Synthetic Data Generation Examples
This section demonstrates how to generate synthetic data that preserves the statistical properties of your original data while ensuring privacy. SecureML provides multiple methods with different trade-offs between simplicity, statistical accuracy, and privacy protection.

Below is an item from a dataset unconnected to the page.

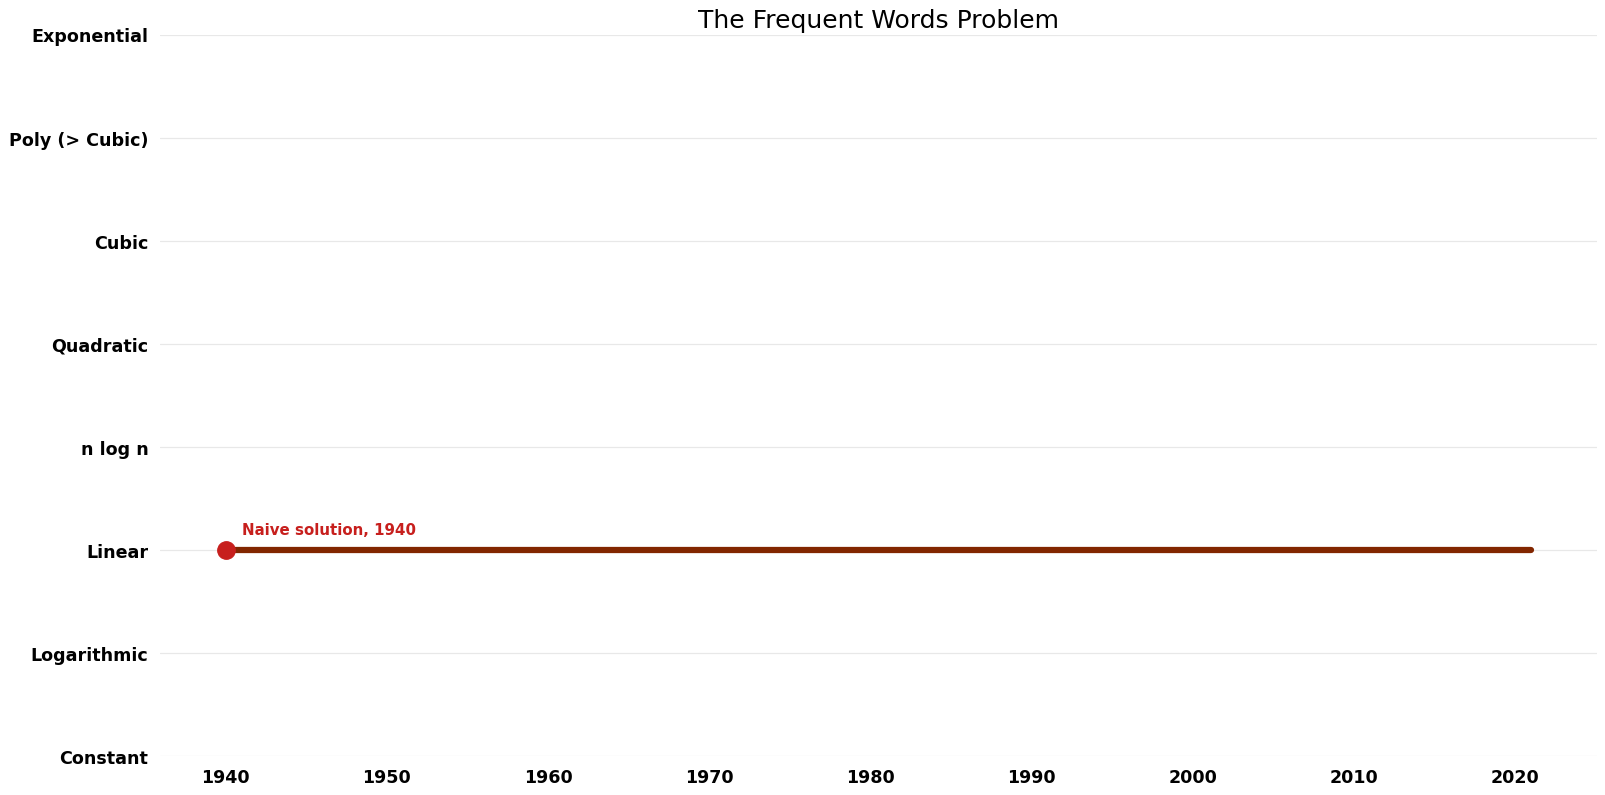 File:The Frequent Words Problem - Time.png

Basic Synthetic Data Generation
The simplest way to generate synthetic data is using the simple method:
import pandas as pd
from secureml.synthetic import generate_synthetic_data
# Sample data with sensitive information
data = pd.DataFrame({
'name': ['John Smith', 'Jane Doe', 'Robert Johnson'],
'age': [34, 29, 42],
'gender': ['Male', 'Female', 'Male'],
'email': ['john.smith@example.com', 'jane.doe@example.com', 'robert.j@example.com'],
'income': [65000, 72000, 58000],
'credit_score': [720, 750, 680],
'zipcode': ['12345', '23456', '34567']
})
# Generate synthetic data using simple method
synthetic_data = generate_synthetic_data(
template=data,
num_samples=20,
method="simple",
sensitive_columns=['name', 'email'],
seed=42
)
print("Synthetic data sample:")
print(synthetic_data.head())
The simple method generates values by sampling from observed distributions for non-sensitive columns, while using more sophisticated techniques (like Faker) for sensitive columns.
Statistical Method
For better preservation of statistical relationships, use the statistical method:
# Generate synthetic data with statistical method
statistical_synthetic = generate_synthetic_data(
template=data,
num_samples=20,
method="statistical",
sensitive_columns=['name', 'email'],
preserve_dtypes=True,
preserve_outliers=True,
categorical_threshold=10,
handle_skewness=True,
seed=42
)
# Compare correlations
numeric_cols = ['age', 'income', 'credit_score']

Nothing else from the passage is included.